大学・公的機関の知識と産業界のイノベーションの結びつきを探究

大学や公的機関の知識が、産業界のイノベーションにどう結び付いているか を研究してきました。これまでは、日本の特許に大学などの論文がどれくらい用いられているかというサイエンスリンケージの分野で実績を上げてきましたが、最近ではフィールドに出て、産学連携の実態およびオープン・イノベーションの調査と、それらを行おうとしている企業への助言を実施。企業のイノベーション活動がよりよいものになるように、研究の成果を世の中に還元していくことをめざしています。

Profile
東京大学工学系研究科先端学際工学専攻博士課程単位取得満期退学。
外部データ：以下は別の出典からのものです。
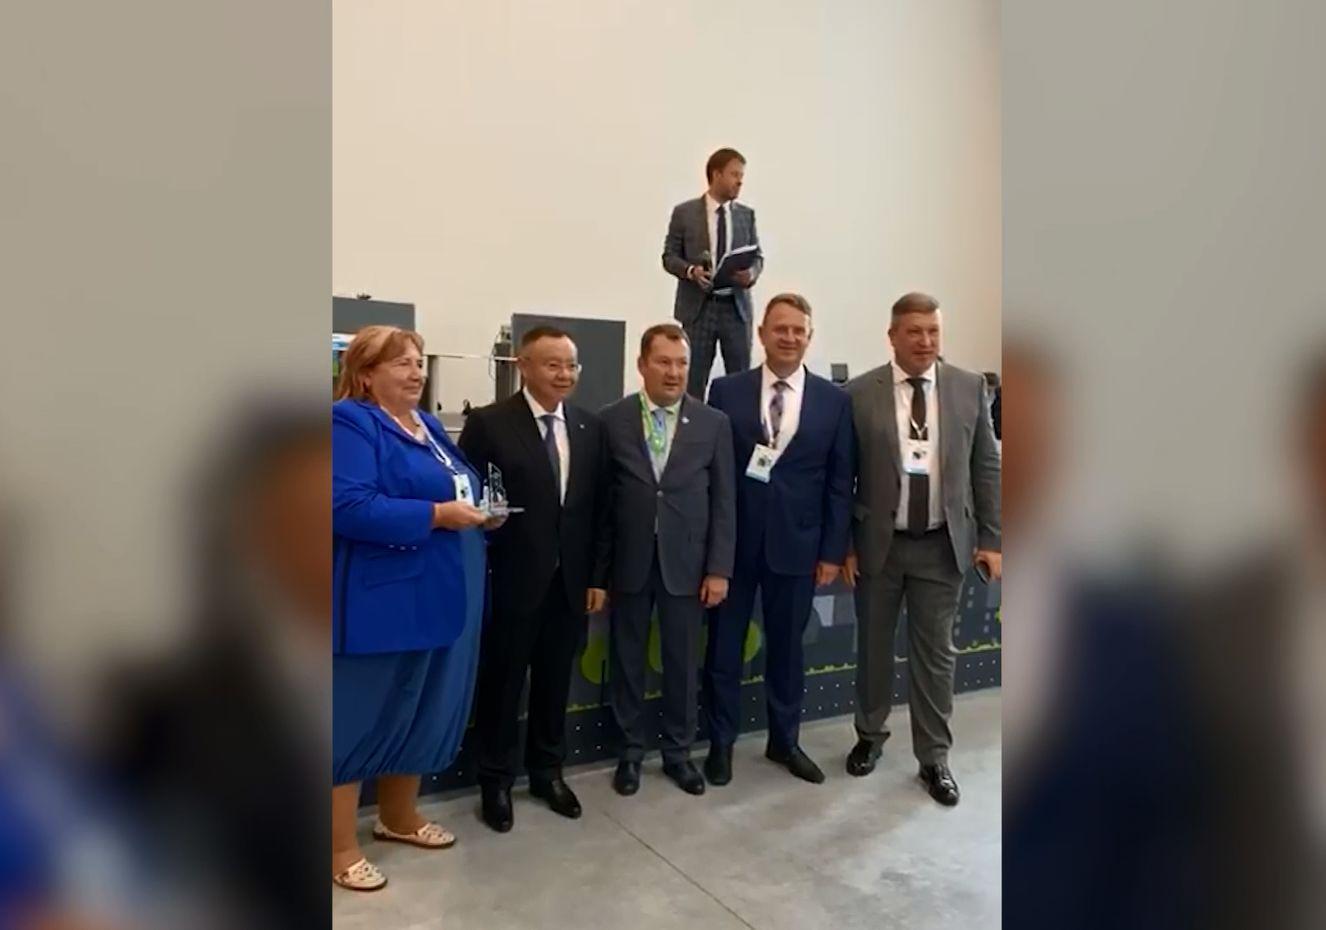 Города Ярославской области Данилов и Мышкин стали победителями конкурса Минстроя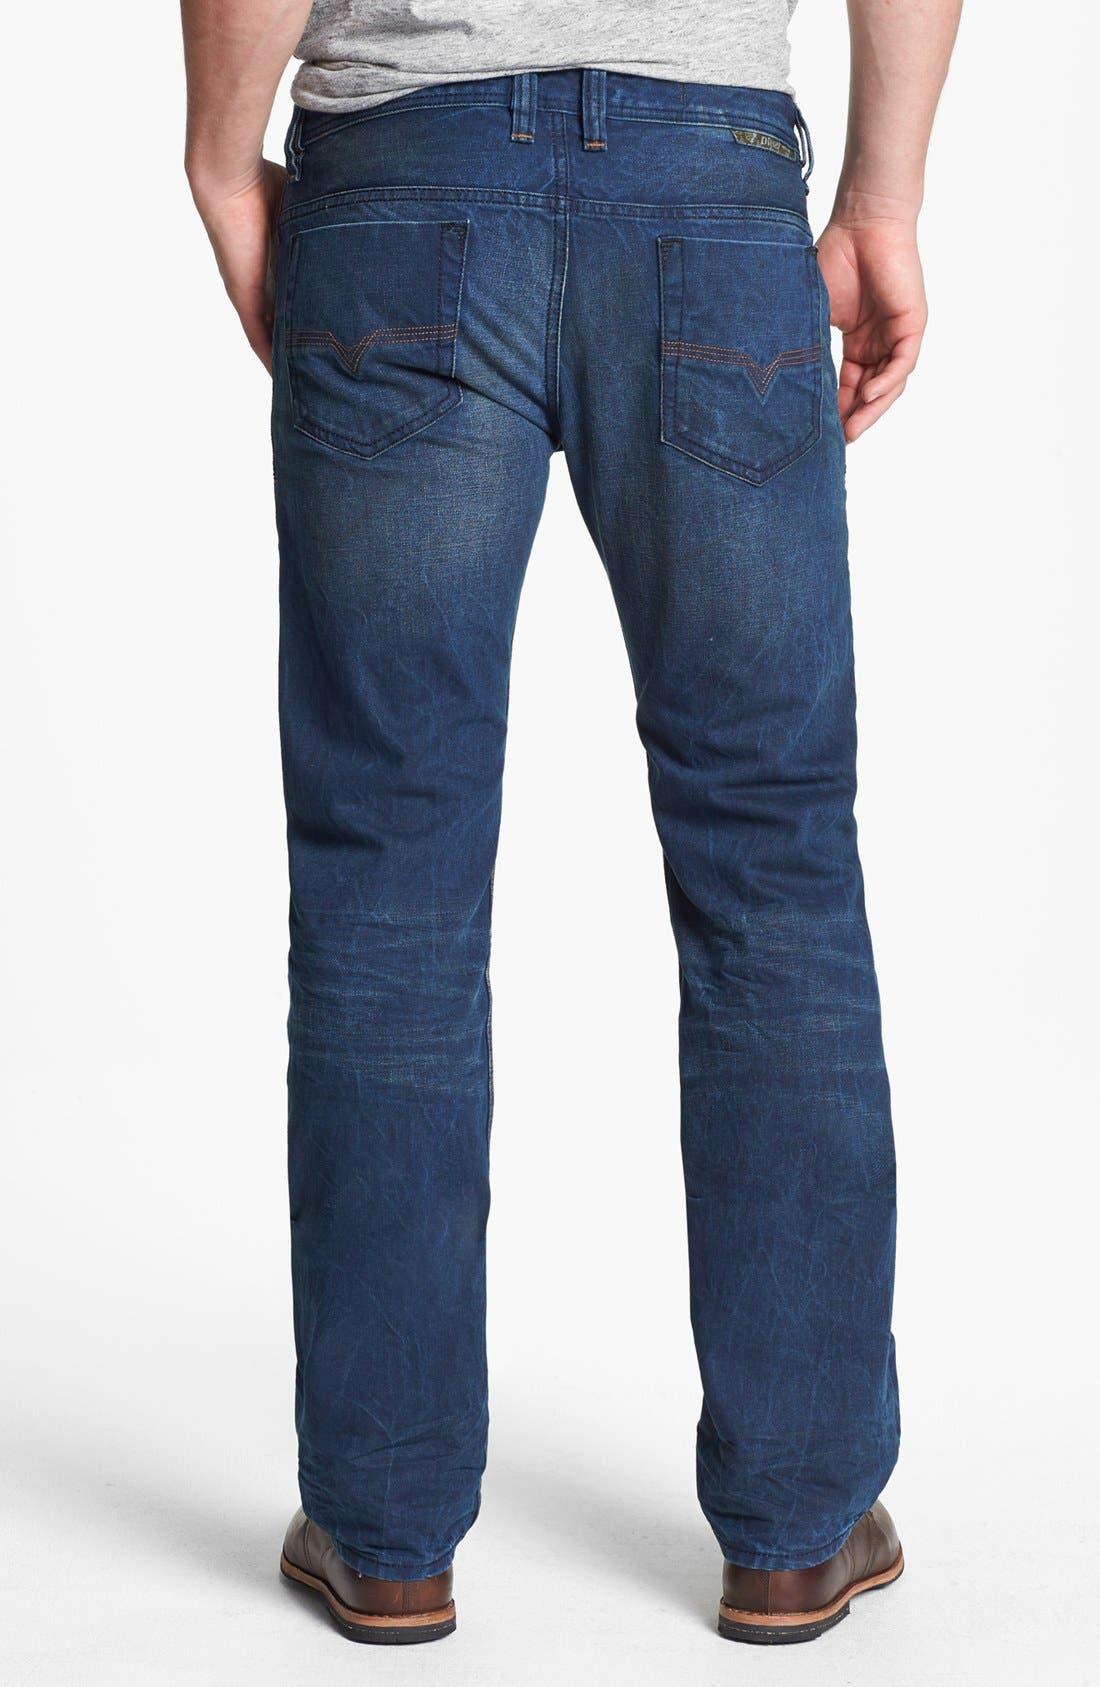 Alternate Image 1 Selected - DIESEL® 'Safado' Slim Fit Jeans (0815A)

博士(学術)。通商産業省在職中に1995年ハーバード大学(Harvard University) 大学院修士課程に留学。マイケル・ポーター、クレイトン・クリステンセンの指導を受ける。経済産業研究所フェローを経て2005年から現職。科学技術政策研究所客員研究官、一橋大学客員研究員。

教授 玉田 俊平太

大学院副専攻 国連・外交コース

国際開発行政、
マクロ開発政策形成・実施、多国間政策ネゴシエーション

教授 村田 俊一国連・外交関連プログラム室長 国際機関人事センター長

国連職員としての経験をベースに新しい開発行政を考える

私は長年にわたり国連職員としてアフリカ諸国などの開発途上国の開発支援に携わりました。このときの経験には、支援する側・される側の間に存在するさまざまな問題意識が濃縮されていました。例えば表面的に支援に見えても援助資金の大半が支援国側に逆流する現象や、支援を受ける側に人材がおらず支援する側にますます依存度を高めてしまうなど、数多くの課題があります。現在は学術の立場から緊急援助から復興援助、中・長期的援助に移行する中で新しい開発行政の在り方を追究しています。

Profile
関西学院大学法学部政治学科卒業。米国ジョージワシントン大学院修士課程・同博士課程、ハーバード大学大学院修士課程修了。ブータン常駐代表兼国連常駐調整官、国連アジア太平洋経済社会委員会(ESCAP)事務局次長を歴任。2002年、関西学院大学教授、2016年4月から現職。